The boys from Bratislava open with Dmytro. A steady rhythm section leads the way with a spaced-out part that’s highlighted by a percussive click and a syncopated bassline that’s intricate and worth paying attention to. The grand composition is highlighted and given context through a persistent tremolo effect and clean production. The guitars introduced in the final crescendo are ferocious, and the thick curtain of roomy reverb sets a vibe that will last until the last bars of the record. Phil starts with a simple, solid beat, and a riff of alarming, ringing keys, along with characterful singing. The singing is somewhat buried in the mix, relegating it to a supporting role and making any focus on the lyrics a challenging task. The instrumentation and the arrangements stand on their own, nonetheless. The drums evolve into a tom-heavy driving part as the vocals become charismatic, feral wails and chants. Argentina puts another stiff drum part in the forefront, with lush pads, clean background guitars, and a deep bass line. The singing continues being confident, nasal, and wailing. The sustained vocal lines are packed with melancholy and emotion. A lengthy instrumental section pays way to a final sizzling verse, before the song explodes in a crescendo that’s rich and dense, with a beautiful piano melody, heavy-handed drums, and an intricate, melodic bassline.

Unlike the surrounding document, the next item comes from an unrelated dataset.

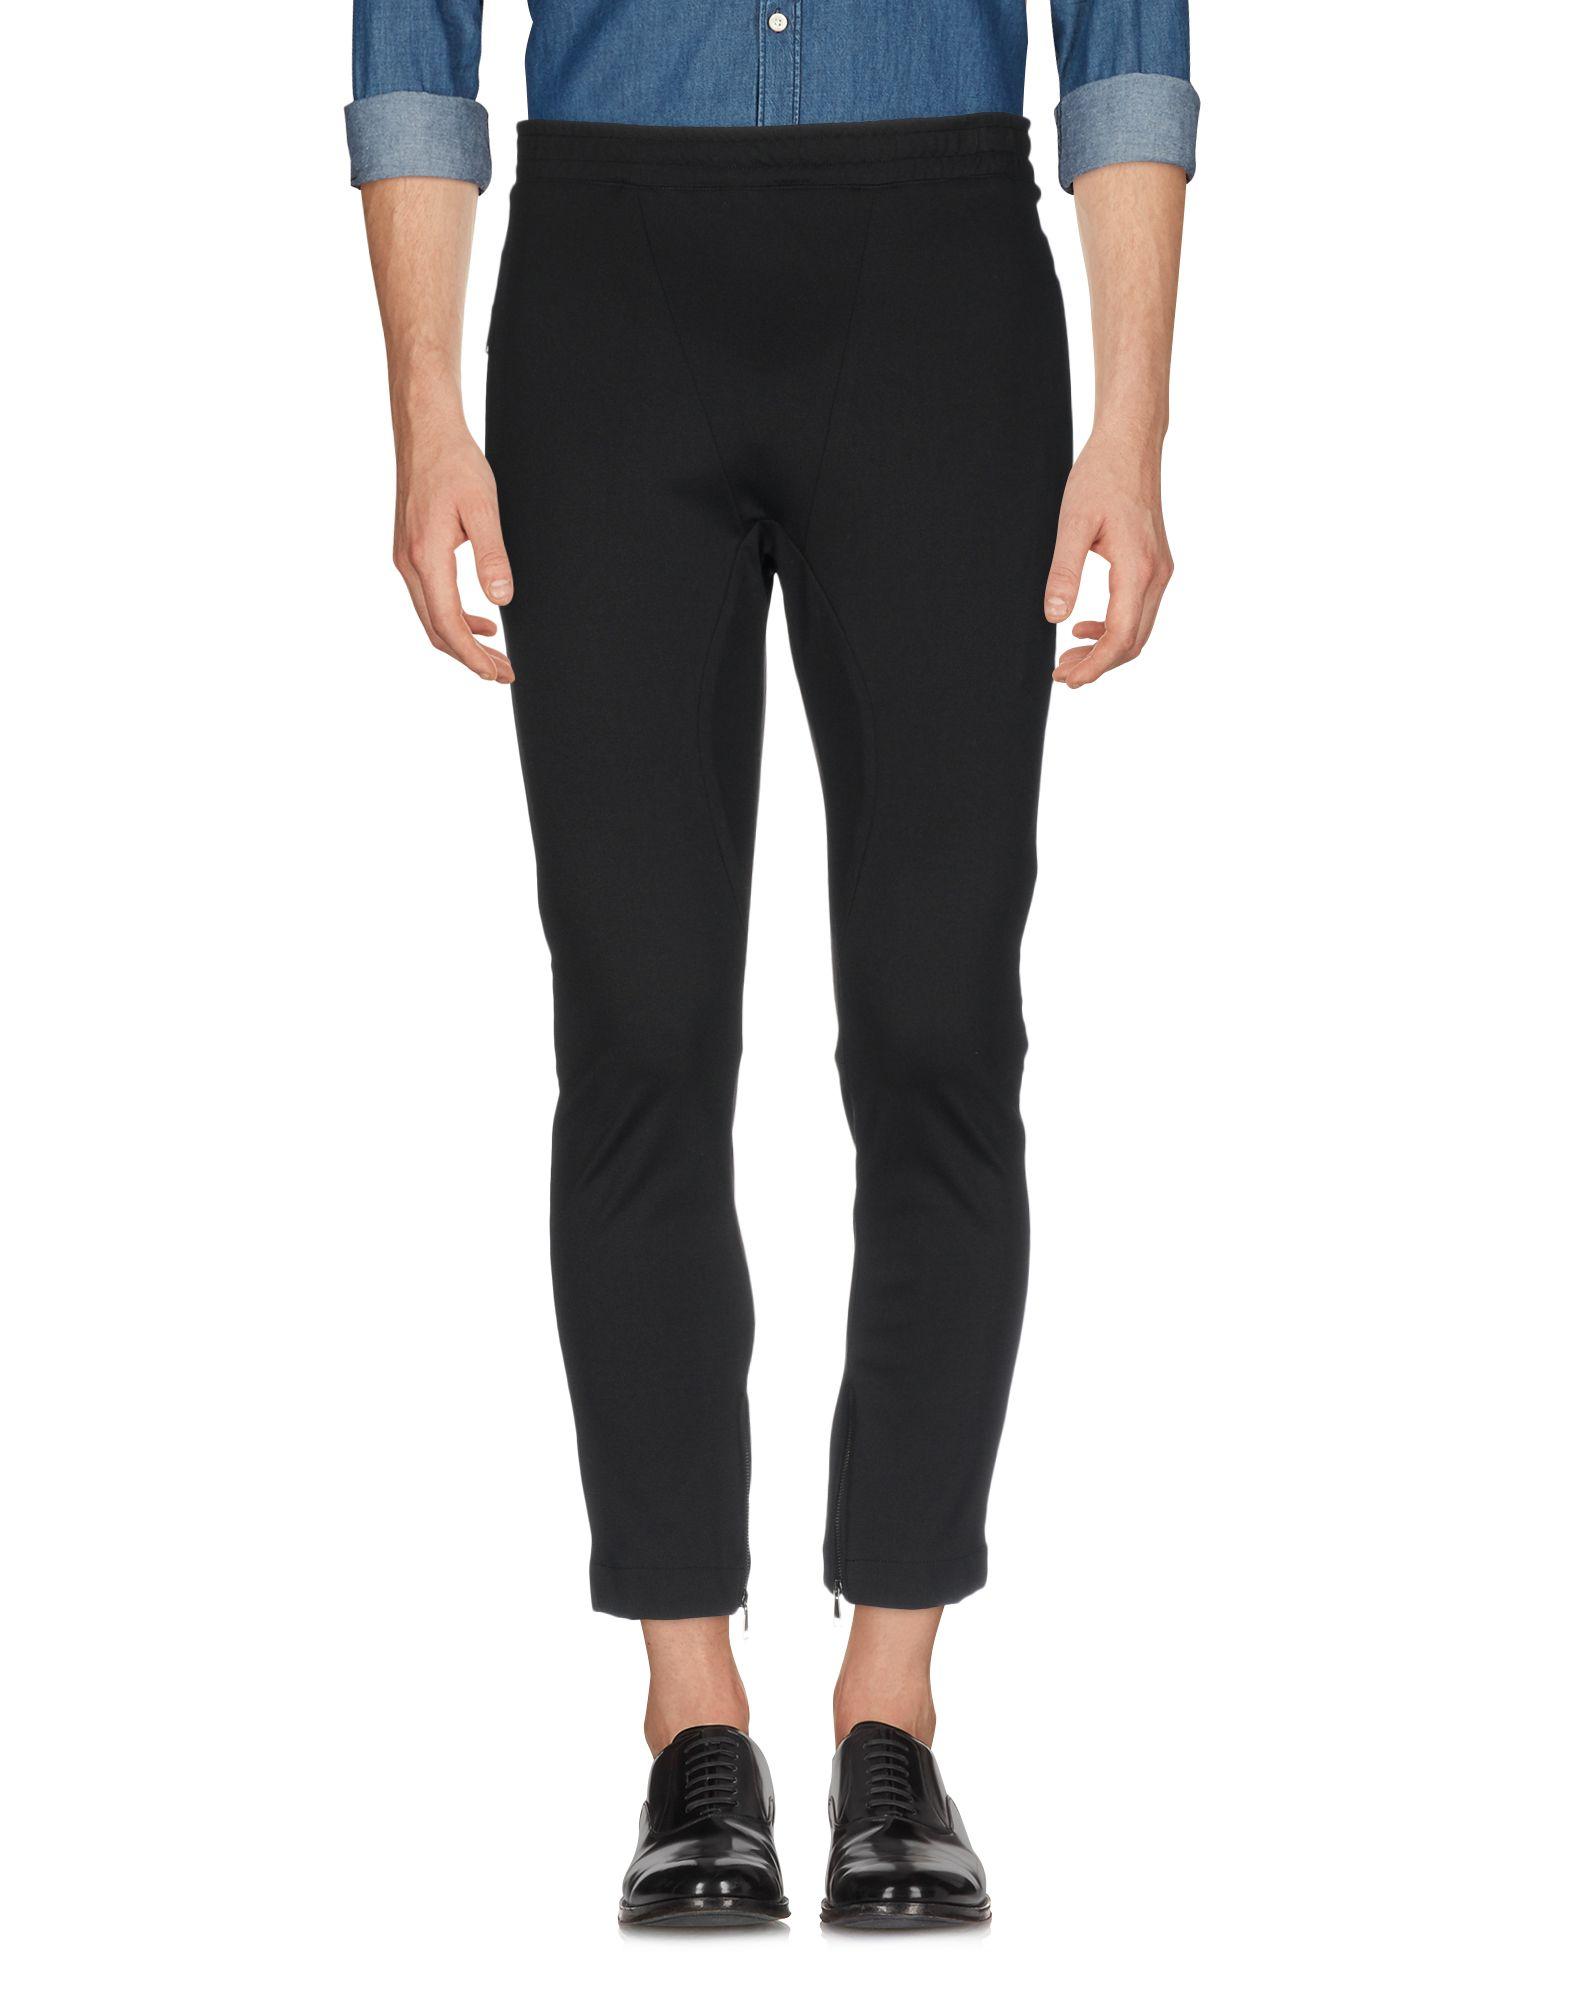 Pantalone Var/City Uomo - Acquista online su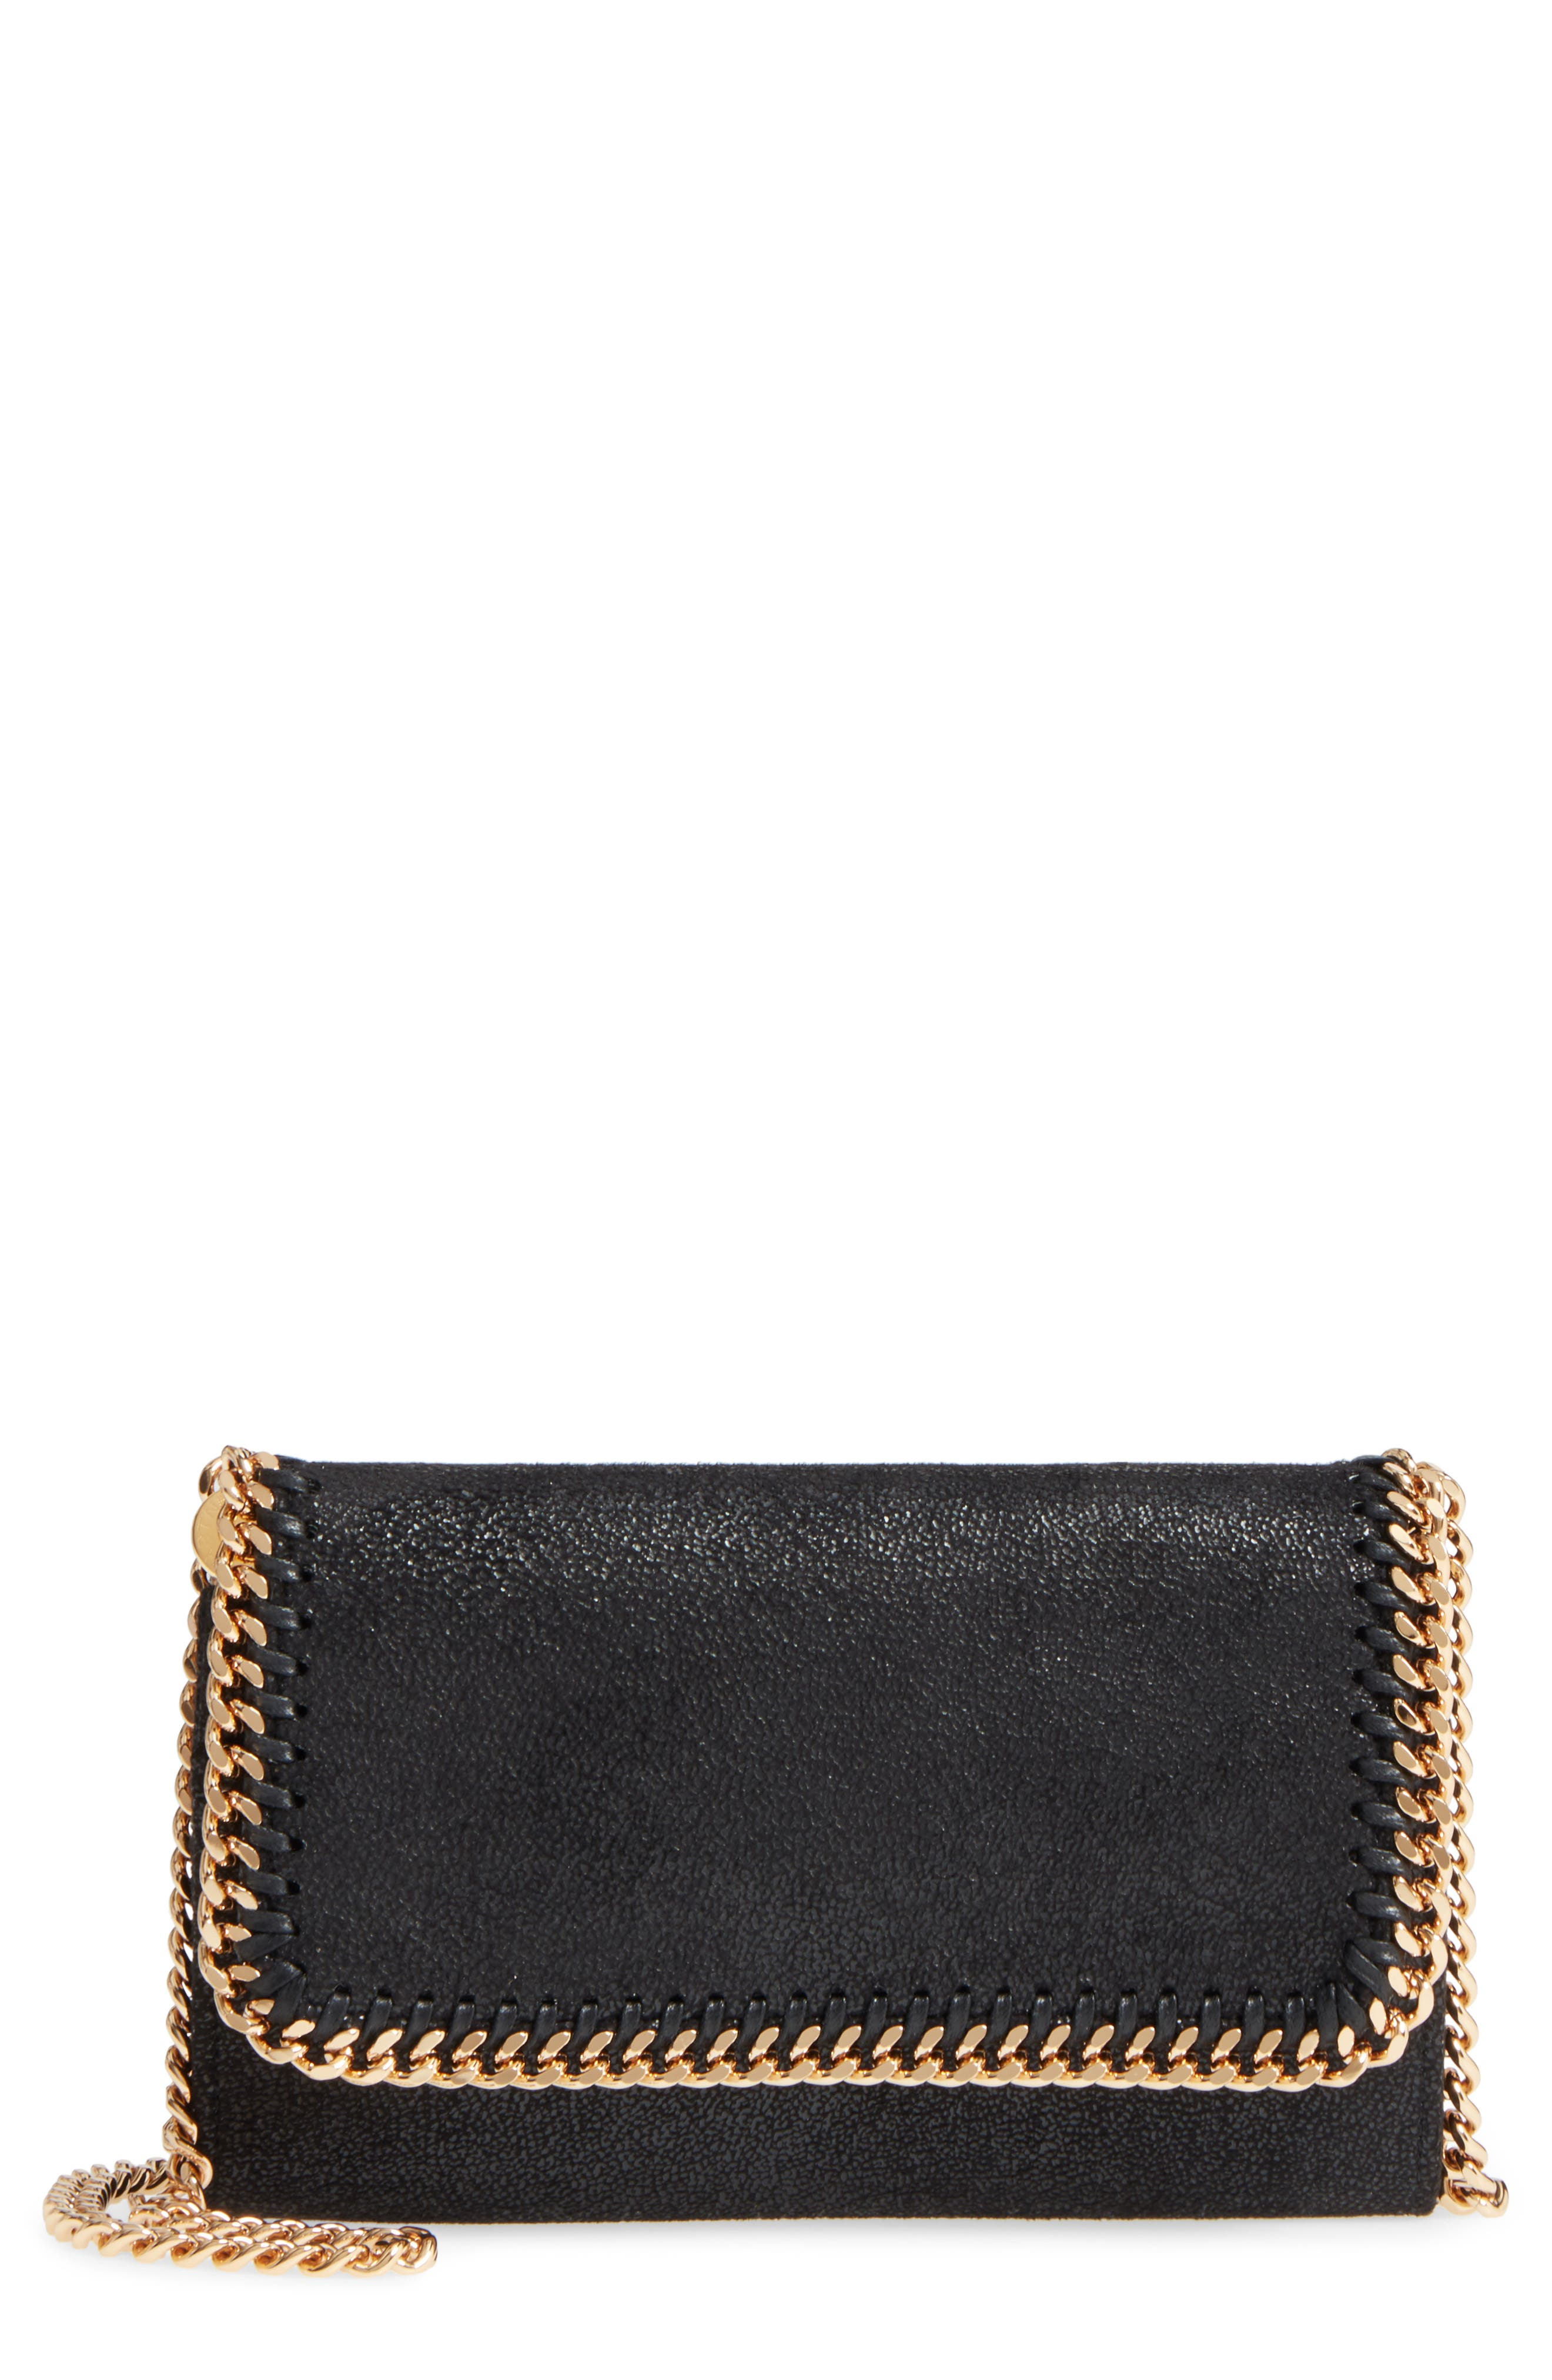 STELLA MCCARTNEY,                             Shaggy Deer Faux Leather Crossbody Bag,                             Main thumbnail 1, color,                             BLACK

Bouyant comes next. A song that has some of the most potent compositions and performances. Draped in melancholia, the singing featured here is some of the most powerful. Organic and unaltered, the singing is extremely emotional and was doubtlessly challenging to perform. Sadly the instrumental parts here end up feeling a bit colorless, as the focus has all seemingly went to the emotions of the singing and the composition itself. Aberration is an abrasive cut that starts with a foreboding fire alarm and a looming, deep bassline. Layers of corroded sounds start piling, and with the harsh, nasal singing, the song ends up being hard to sit through. Rather experimental and unsettling soundscapes, with a very bright chorus that struggles to show its light under the oppressive sound. Lighthouse starts with the catchiest bass and drums groove on the record. Again, the nasal singing voice on the catchy, syncopated verses grow to become manic screams on the choruses that reminded me of Black Francis’s crazed singing. The contrast the band is able to pull within a single bar, between the unforgiving choruses and the dancy verses, is nothing short of astonishing. The closing Meda is an ambient, clean guitar lullaby that’s a gorgeous relief after such a densely packed album. Floating, and breezy, the buried distorted feedbacks called to mind the crashing waves on a shore.

52 Hertz Whale’s Present Simple Impression is an artistically rich foray that’s dense with texture, sonic architecture, and lyrical intention, with professional, intricate, and heartfelt performances. The singing and lyricism manage to stand on very remarkable grounds. A very memorable and easy-to-recommend listen.